This method is very intuitive, has predictable behavior, and is easy to explain to non-technical personnel. However, there are some drawbacks to this approach:

Can require a large amount of memory for recording the last N data points.
- For a true moving average, the program needs to keep a buffer of the last N data points, which can very quickly fill up program memory if N is exceptionally large, especially in an embedded application with constrained memory resources.
May involve dynamic memory allocation if the window size needs to be changed at runtime.
- If the window needs to change at runtime, the buffer for storing the last N data points needs to grow or shrink to adapt to a given window size.

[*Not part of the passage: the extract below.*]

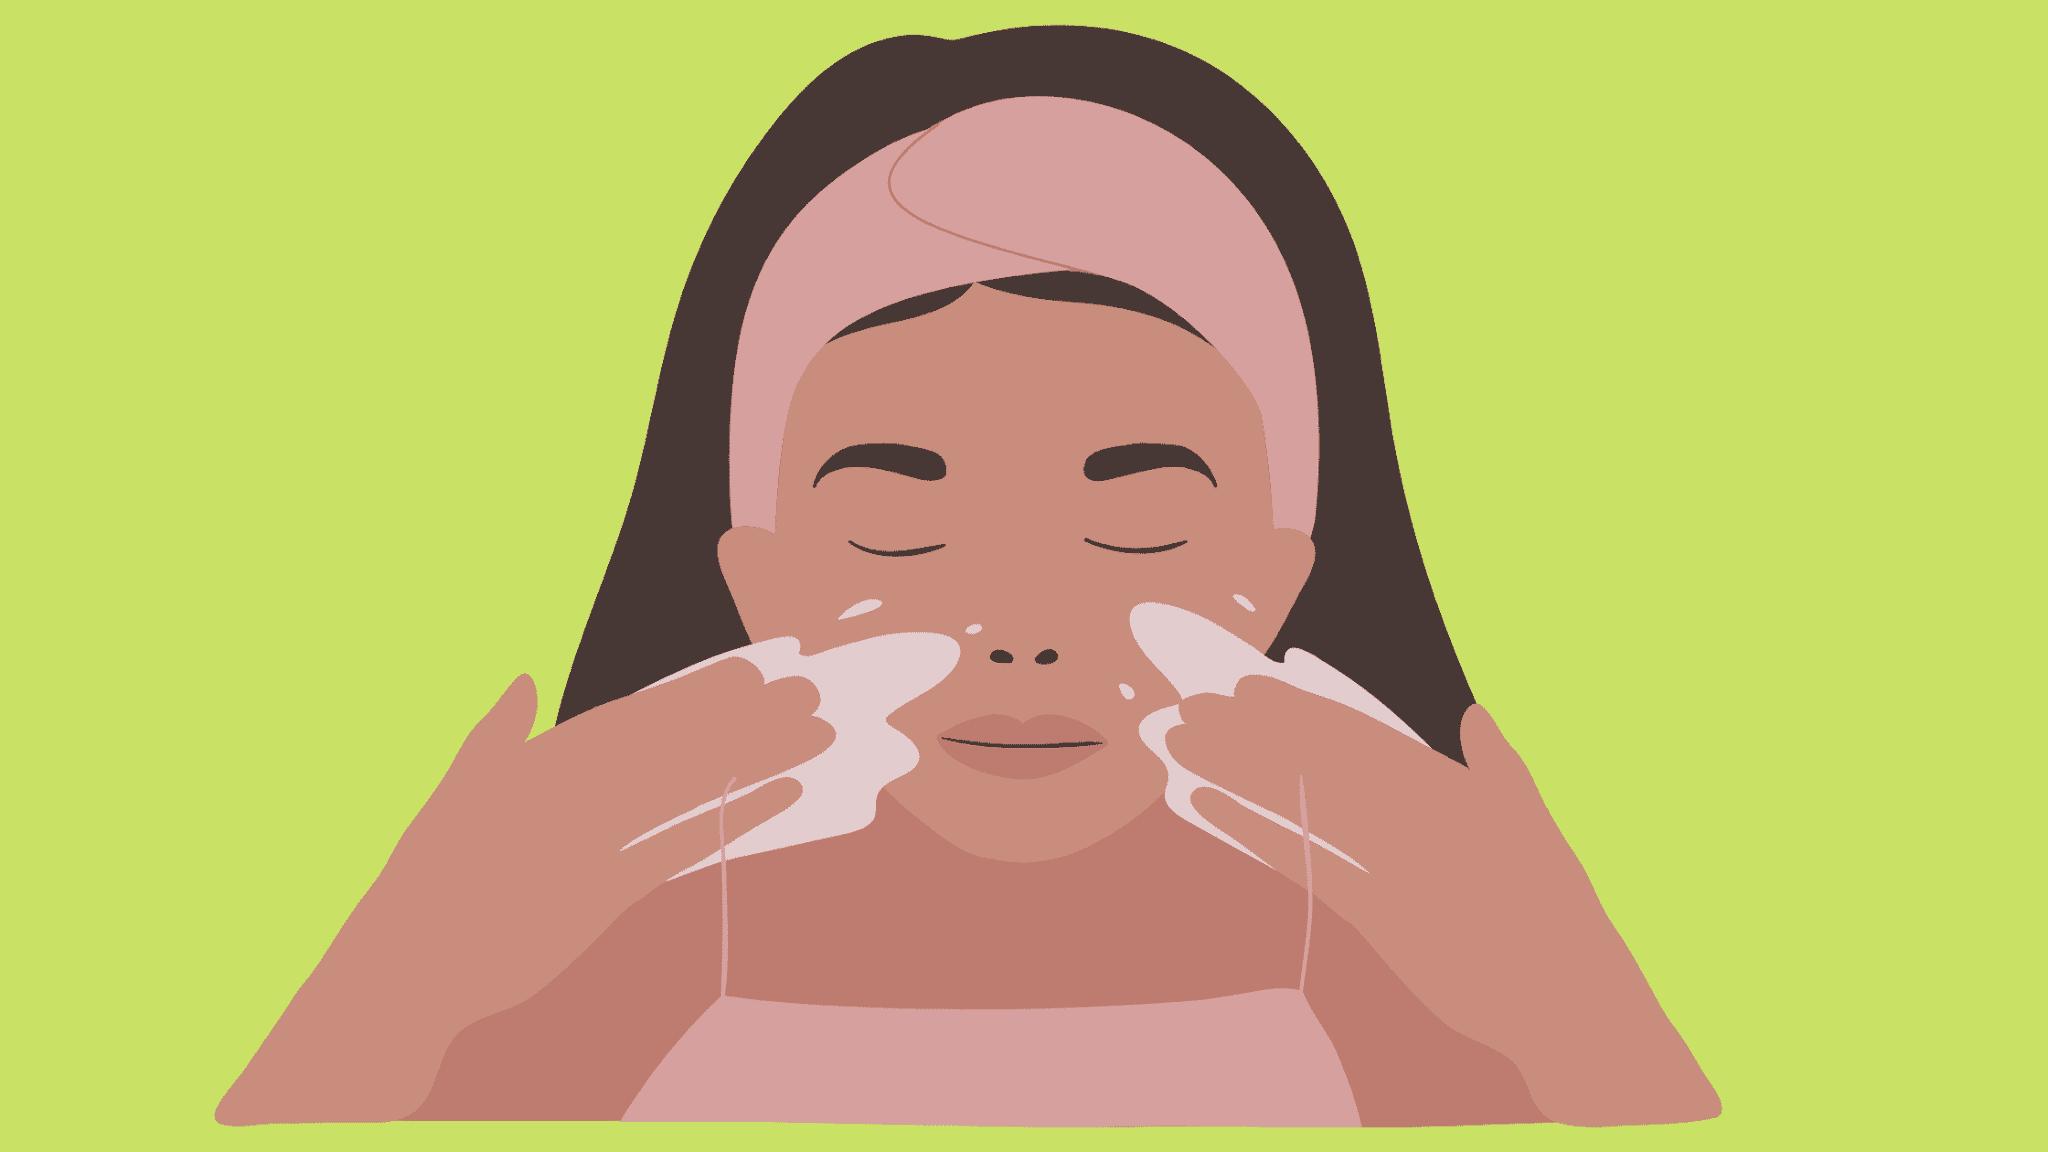 كيفية الاعتناء بالبشرة بقناع طبيعي mask

This typically requires dynamic memory allocation, which could add complexity to an embedded project.

Alternative Approach: Exponential Smoothing

One alternative to a moving average is Simple Exponential Smoothing (sometimes called an Infinite Impulse Response Filter or a Single Pole Low Pass Recursive Filter). The basic method can be described by a recursive relation:

$\alpha \in [0,1]$

$s_t = (1 - \alpha)\cdot s_{t-1} + \alpha\cdot x_t$

Where $s_t$ is the new smoothed value, $s_{t-1}$ is the previous smoothed value, and $x_t$ is the latest data point. Solving for non-recursive relation, we can get:

$s_t = \alpha \cdot \big( x_t + (1-\alpha)\cdot x_{t-1} + \cdots + (1-\alpha)^{t-1}\cdot x_1 + (1-\alpha)^t\cdot x_0 \big)$

From this formula, we can make the observation that this is just a specific case of a weighted average, where the more recent data points are weighted higher than older data points, and as successive values are calculated, the older data points “decay” to the point that in practice the data becomes negligible to the newly calculated smoothed value. This behavior roughly approximates a moving average, albeit with uneven weighting of the data points. This weighting can be visualized by graphing the impulse response of both approaches.

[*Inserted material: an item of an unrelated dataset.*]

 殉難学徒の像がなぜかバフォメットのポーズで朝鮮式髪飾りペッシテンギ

To illustrate the similarities in another way, we can get a recursive formula for the true moving average by subtracting two successive calculations of the moving average.

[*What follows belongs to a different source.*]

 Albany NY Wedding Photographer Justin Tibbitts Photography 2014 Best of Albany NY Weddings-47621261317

$\bar{s}_{t} - \bar{s}_{t-1} = \frac{1}{N} \sum_{i=0}^{N-1} x_{t-i} - \frac{1}{N} \sum_{i=0}^{N-1} x_{t-1-i}$

$= \frac{1}{N} x_t + \frac{1}{N} \sum_{i=1}^{N-1} x_{t-i} - \frac{1}{N} \sum_{i=0}^{N-2} x_{t-1-i} - \frac{1}{N} x_{t-N}$

$= \frac{1}{N} x_t + \frac{1}{N} \sum_{i=1}^{N-1} x_{t-i} - \frac{1}{N} \sum_{j=1}^{N-1} x_{t-j} - \frac{1}{N} x_{t-N}$

$= \frac{1}{N} x_t - \frac{1}{N} x_{t-N}$

$\bar{s}_t = \bar{s}_{t-1} + \frac{1}{N} \big( x_t - x_{t-N} \big)$

If we compare this result to a rearranged exponential smoothing relation, we can see the similarity:

$s_t = (1 - \alpha) \cdot s_{t-1} + \alpha \cdot x_t$

$s_t = s_{t-1} + \alpha \cdot (x_t - s_{t-1})$

Both $\alpha$ and $\frac{1}{N}$ are numbers between 0 and 1, so the exponential smoothing is functionally a moving average where instead of subtracting an oldest measurement ( $x_{t-N}$ ), instead we use the previous estimate to find a difference for the next estimate. The advantage here is that the exponential smoothing formula allows the calculation to forego keeping track of anything but the previous smoothed value and the new data point. This means no N-length buffer to keep track of data, and as an added bonus, the window of the moving average can be adjusted on the fly without needing to allocate memory dynamically.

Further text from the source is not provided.